■ TASK OBJECTIVE: Find every line below with "Wallpaper" in it and give only how many there are.
____ GIVEN RECORDS
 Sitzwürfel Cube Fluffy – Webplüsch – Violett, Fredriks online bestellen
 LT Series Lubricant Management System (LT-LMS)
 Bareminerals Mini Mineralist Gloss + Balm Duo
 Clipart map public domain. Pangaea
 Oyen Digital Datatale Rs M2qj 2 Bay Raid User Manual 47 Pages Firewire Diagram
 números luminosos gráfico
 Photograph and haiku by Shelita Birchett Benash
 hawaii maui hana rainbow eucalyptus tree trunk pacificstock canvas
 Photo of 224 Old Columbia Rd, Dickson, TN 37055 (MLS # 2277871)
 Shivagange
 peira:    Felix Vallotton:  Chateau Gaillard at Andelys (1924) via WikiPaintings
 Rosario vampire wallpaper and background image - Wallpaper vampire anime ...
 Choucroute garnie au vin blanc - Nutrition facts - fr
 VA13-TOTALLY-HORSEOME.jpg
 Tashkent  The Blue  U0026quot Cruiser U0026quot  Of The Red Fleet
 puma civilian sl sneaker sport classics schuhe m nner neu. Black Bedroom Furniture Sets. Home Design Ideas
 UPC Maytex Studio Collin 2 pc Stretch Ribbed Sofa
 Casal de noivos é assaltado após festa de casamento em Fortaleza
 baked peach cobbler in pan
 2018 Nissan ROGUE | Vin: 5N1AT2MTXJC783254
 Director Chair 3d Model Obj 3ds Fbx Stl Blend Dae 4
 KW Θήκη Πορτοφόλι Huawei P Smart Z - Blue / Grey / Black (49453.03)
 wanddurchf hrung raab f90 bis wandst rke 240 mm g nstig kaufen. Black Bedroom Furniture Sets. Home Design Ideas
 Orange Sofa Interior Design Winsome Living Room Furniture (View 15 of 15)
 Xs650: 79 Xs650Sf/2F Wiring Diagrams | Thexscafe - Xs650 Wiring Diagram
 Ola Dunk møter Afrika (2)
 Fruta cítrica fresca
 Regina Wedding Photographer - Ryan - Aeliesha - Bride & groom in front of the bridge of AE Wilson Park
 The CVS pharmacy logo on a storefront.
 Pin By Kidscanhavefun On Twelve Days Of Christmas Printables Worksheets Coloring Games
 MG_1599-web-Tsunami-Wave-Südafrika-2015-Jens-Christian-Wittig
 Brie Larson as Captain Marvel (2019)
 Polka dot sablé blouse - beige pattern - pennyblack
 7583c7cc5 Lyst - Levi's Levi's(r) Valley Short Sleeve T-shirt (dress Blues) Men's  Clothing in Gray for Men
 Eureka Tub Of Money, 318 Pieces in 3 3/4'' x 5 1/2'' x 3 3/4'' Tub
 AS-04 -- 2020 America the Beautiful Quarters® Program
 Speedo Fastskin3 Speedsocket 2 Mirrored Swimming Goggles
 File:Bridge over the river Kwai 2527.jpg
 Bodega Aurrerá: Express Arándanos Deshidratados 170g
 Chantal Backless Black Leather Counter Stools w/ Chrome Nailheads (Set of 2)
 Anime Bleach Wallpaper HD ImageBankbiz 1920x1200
________
■ RESPONSE: 2